Mira's prolific output, which elevates her to the status of one of the premier Brazilian 20th century artists, continues to be featured constantly at major museums and art institutions. In April 1966, on occasion of her solo show at the Museu de Arte Moderna do Rio de Janeiro, the concrete poet Haroldo de Campos wrote that Mira's work is “an art of voids where extreme redundancy starts to generate original information; an art of words where the graphic sign dresses and undresses, veils and unveils." In the same poem, the poet continues: “an art-scripture of cosmic word dust, a semiotic art of icons, indices, symbols that leaves its numinous tracks upon the white of the page—such is the art of Mira Schendel.”
Recent solo shows of hers include Esperar que a letra se forme, curated by Paulo Miyada and Galciani Neves at the Instituto Tomie Ohtake (São Paulo, 2024); Sinais/Signals, curated by Paulo Venâncio Filho at the Museu de Arte Moderna de São Paulo (São Paulo, 2018); Mira Schendel, curated by Tanya Barson and Taísa Palhares at the Tate Modern (London, 2013), at Pinacoteca de São Paulo (São Paulo, 2014), and at Fundação Serralves (Porto, 2014); and Mira Schendel, at the Galerie National du Jeu de Paume (Paris, 2001).
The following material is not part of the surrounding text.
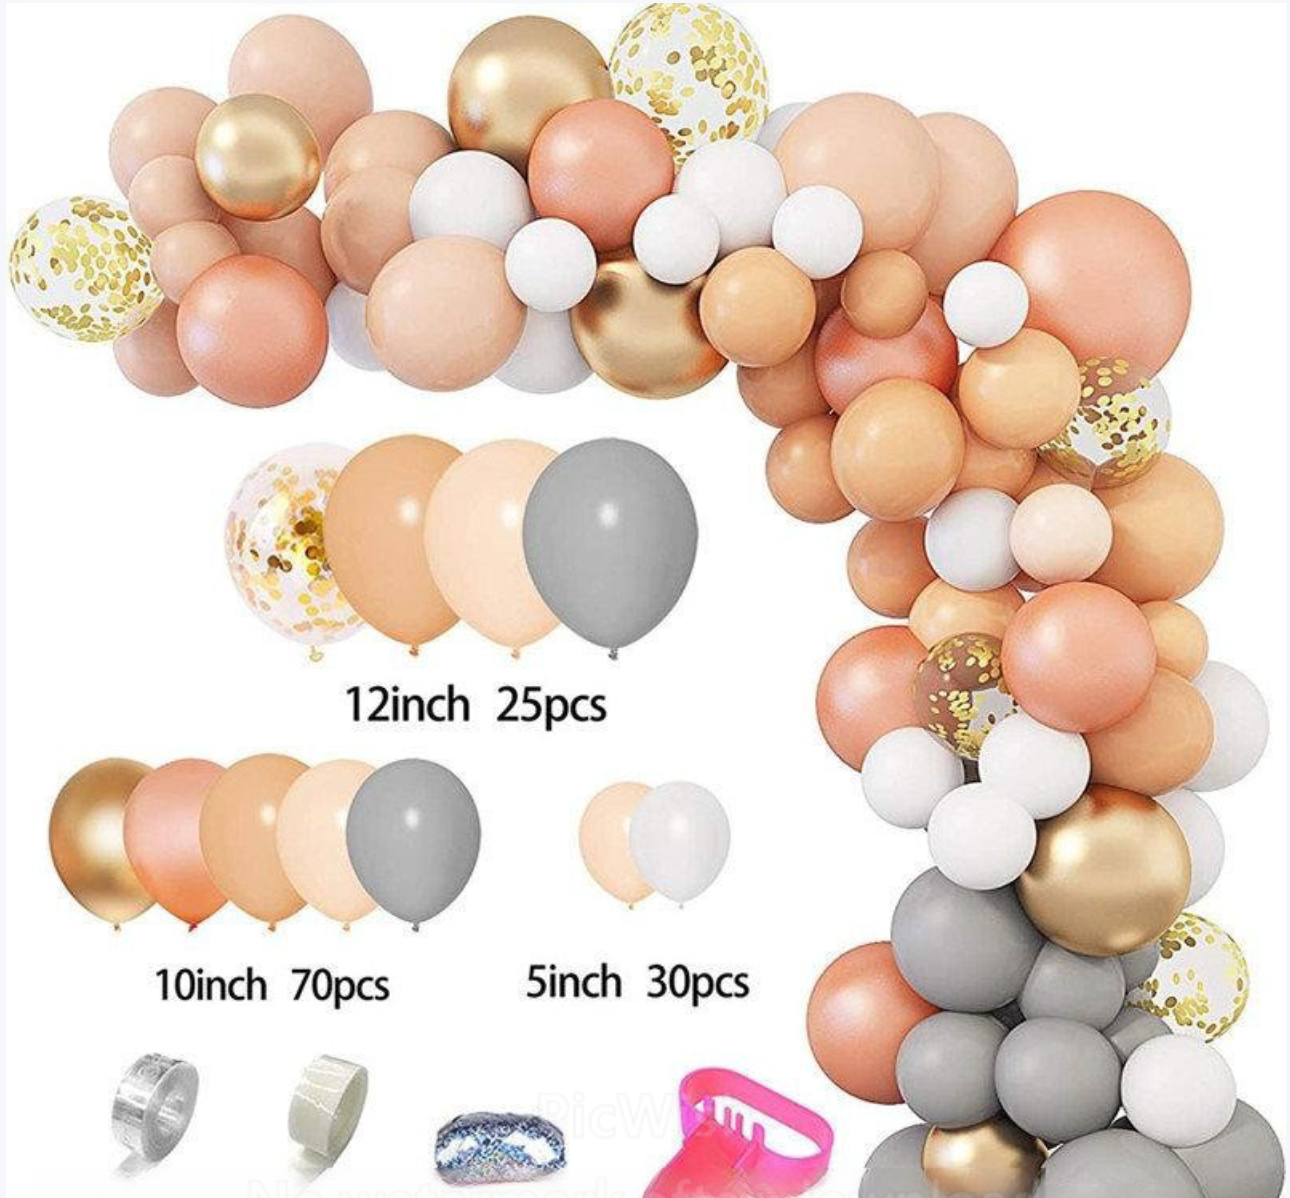 Rose Gold & Nude Balloon Decoration Set - Large Quantity for Stunning Balloon Arrangements

In 2009, Mira's works were shown alongside work by León Ferrari in an exhibition curated by Luis Pérez-Oramas, titled Tangled Alphabets: León Ferrari and Mira Schendel, held at The Museum of Modern Art – MoMA (New York, 2009), with stints at Museo Nacional Centro de Arte Reina Sofía (Madrid, 2009) and at Fundação Iberê Camargo (Porto Alegre, 2010). Her works are in the collections of institutions including: Pinacoteca de São Paulo; the Museu de Arte Moderna de São Paulo (MAM-SP); the Museu de Arte Moderna de Rio de Janeiro (MAM Rio); the Museu de Arte Contemporânea da Universidade de São Paulo (MAC USP); Museo Latinoamericano de Buenos Aires (MALBA); Glenstone Museum, in Potomac, Maryland, US; The Art Institute of Chicago (AIC); The Museum of Fine Arts (MFA), in Houston; Cisneros Fontanals Art Foundation (CIFO), in Miami; the Museum of Modern Art (MoMA), in Nova York; The San Francisco Museum of Modern Art (SFMOMA); Kunstsammlungen Museen, in Nuremberg; Museo Nacional Centro de Arte Reina Sofía (MNCARS), in Madrid; Tate Modern, in London, among others.